§ **WHAT TO WORK ON**:
Can you copy out the data exactly? Leave the images out.

§ **INFORMATION SUPPLIED**:
--------------------

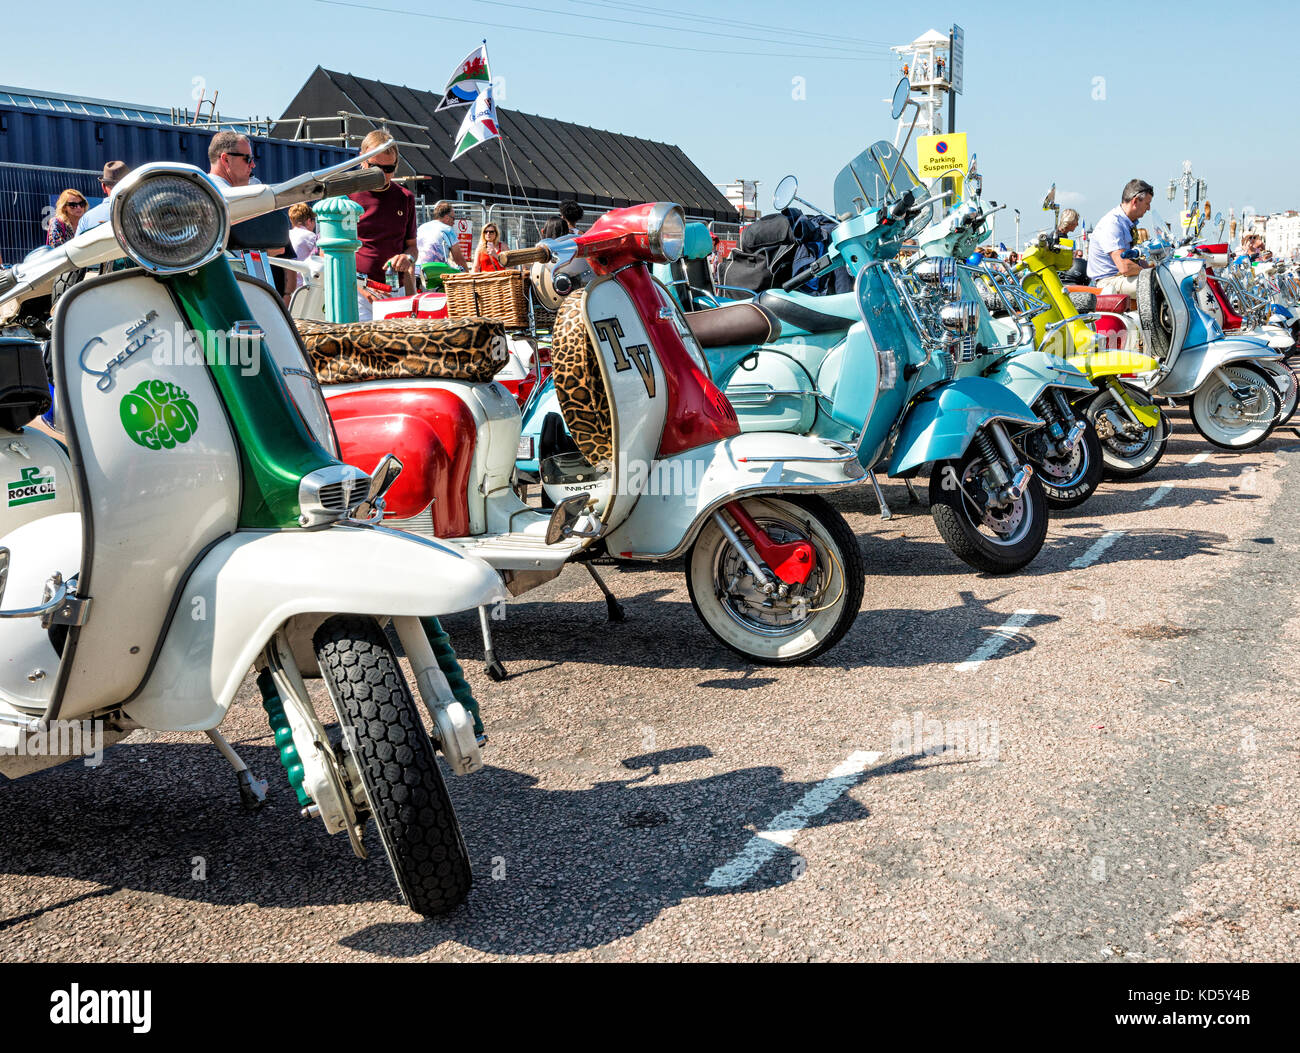 Brighton Mod Rally, August Bank Holiday Scooters lined up on show Stock Photo
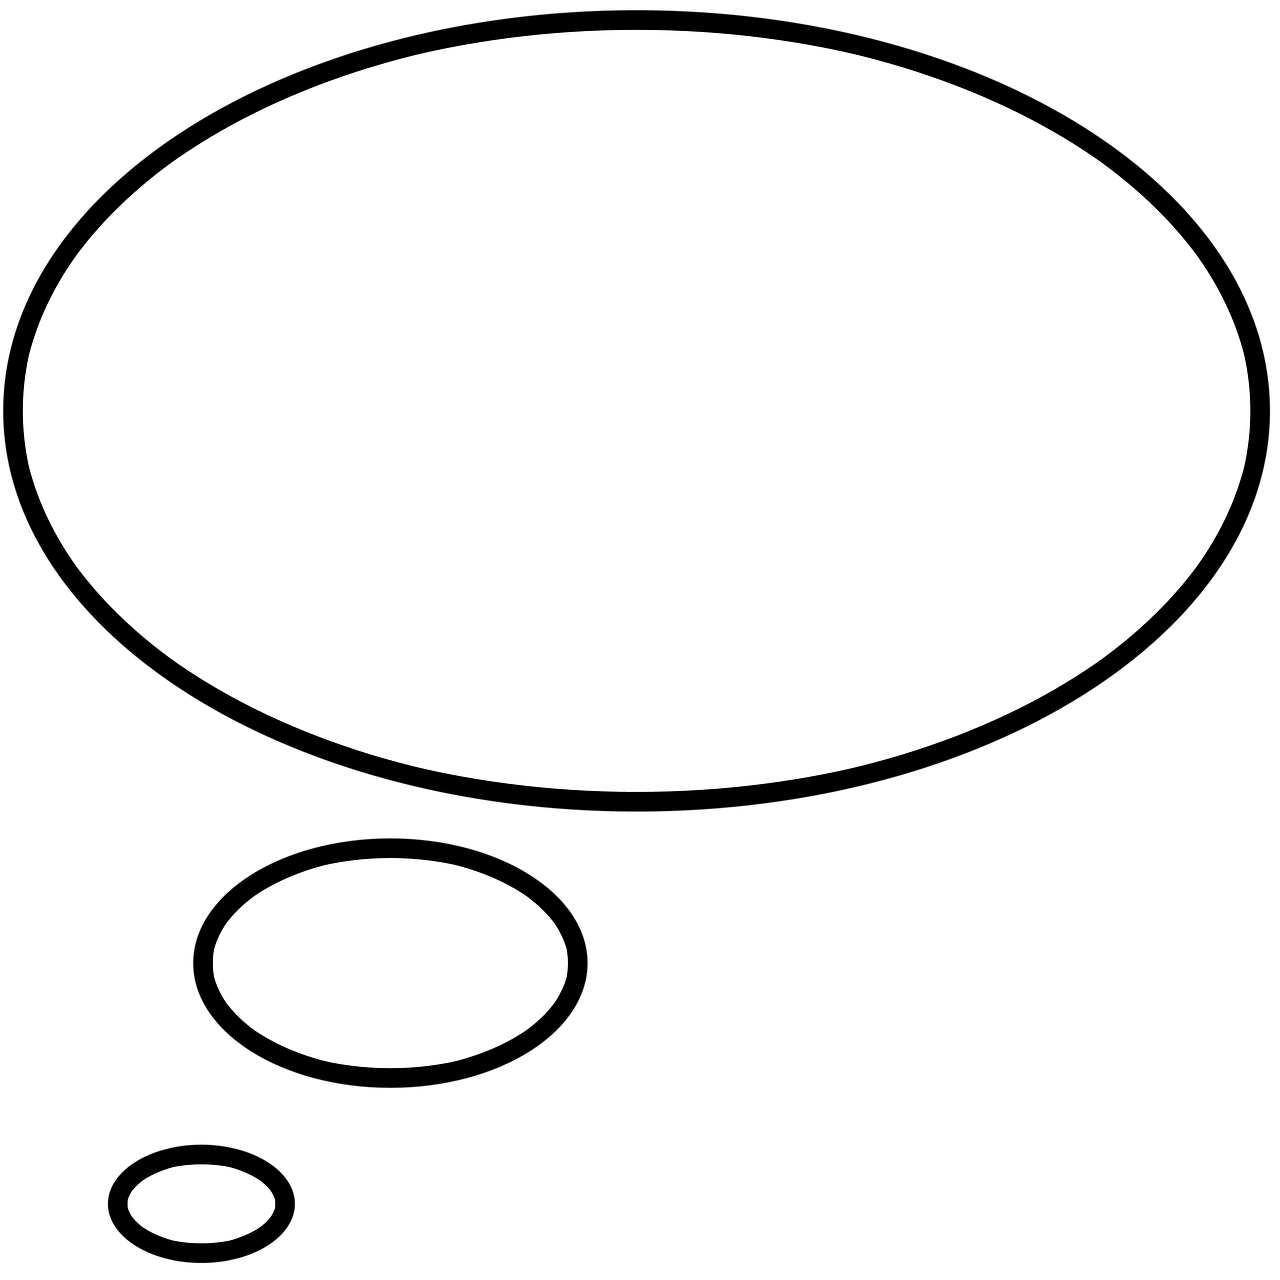 a black and white image of a thought bubble, a screenshot, by Andrei Kolkoutine, deviantart, minimalism, black backround. inkscape, white background!!!!!!!!!!, large vertical blank spaces, lying
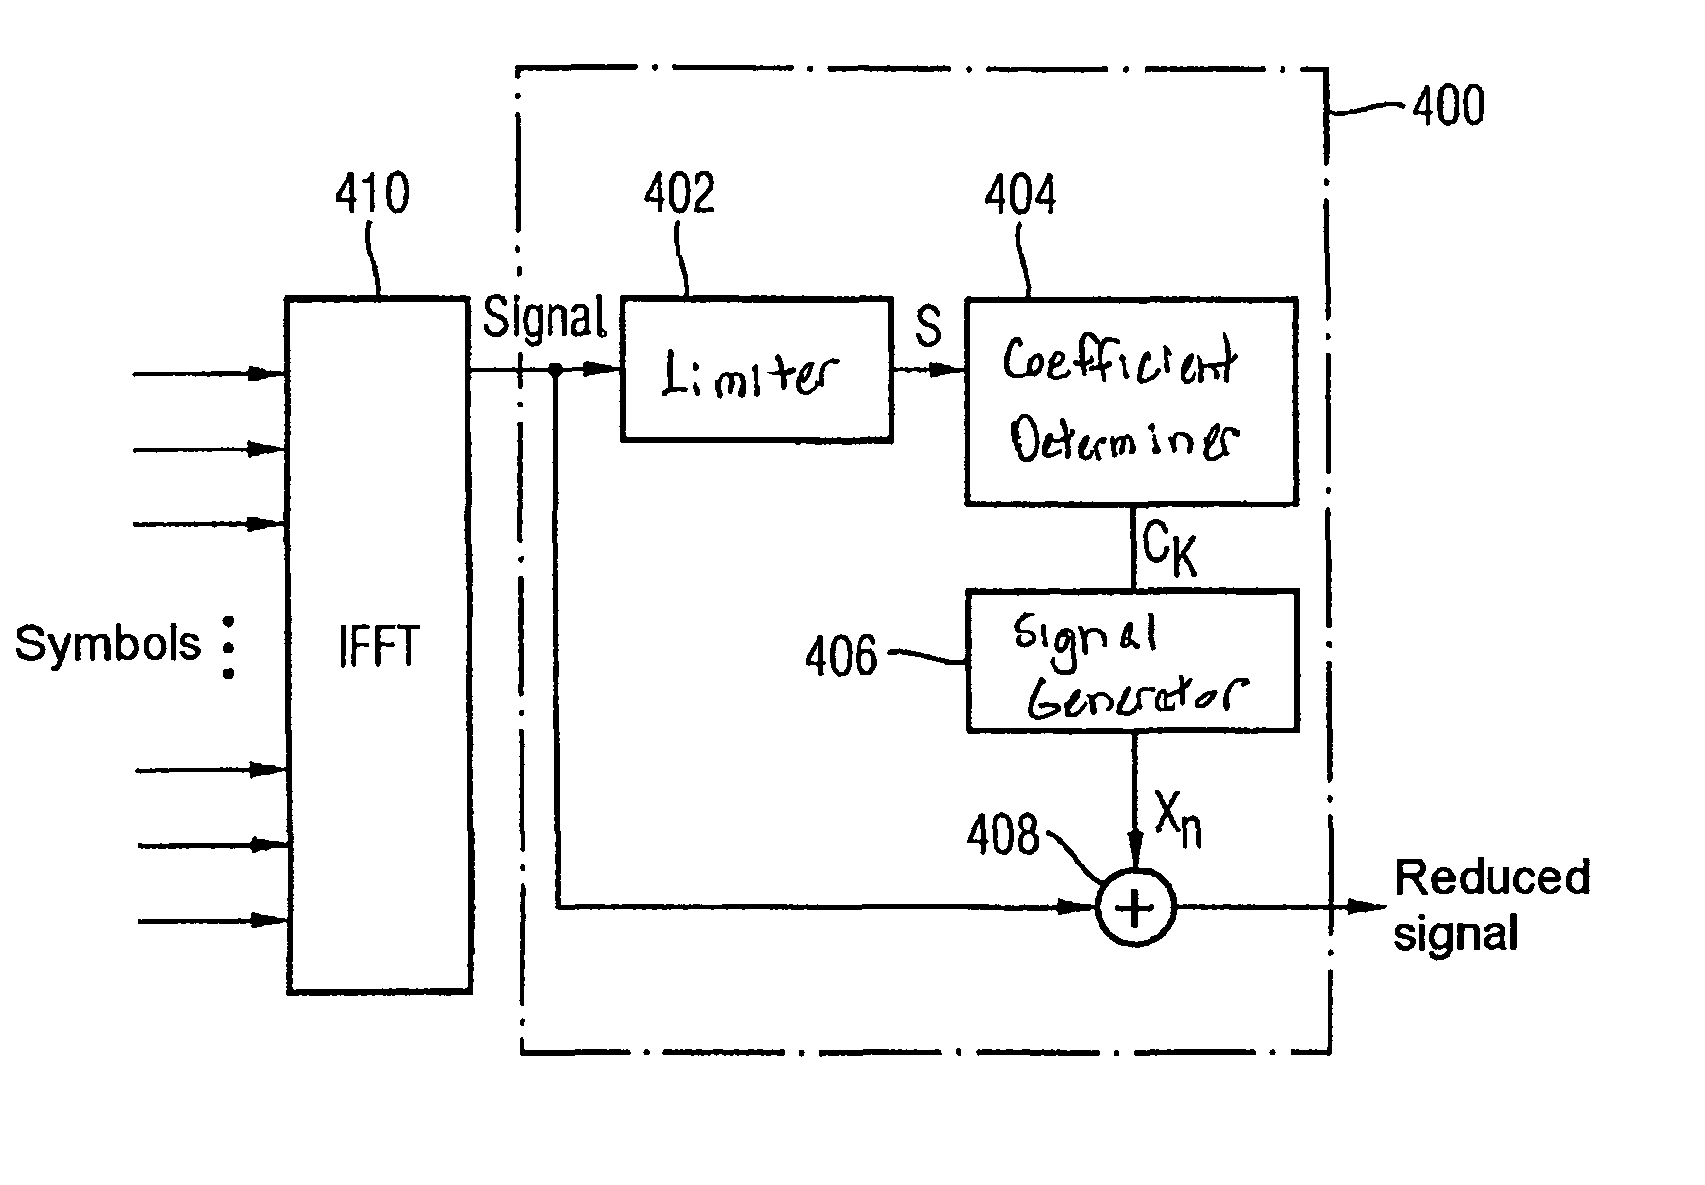 Apparatus and method for producing a signal to reduce the PAR in a multicarrier system

--------------------

§ **SOLVED PROBLEM**:
 Brighton Mod Rally, August Bank Holiday Scooters lined up on show Stock Photo
 a black and white image of a thought bubble, a screenshot, by Andrei Kolkoutine, deviantart, minimalism, black backround. inkscape, white background!!!!!!!!!!, large vertical blank spaces, lying
 Apparatus and method for producing a signal to reduce the PAR in a multicarrier system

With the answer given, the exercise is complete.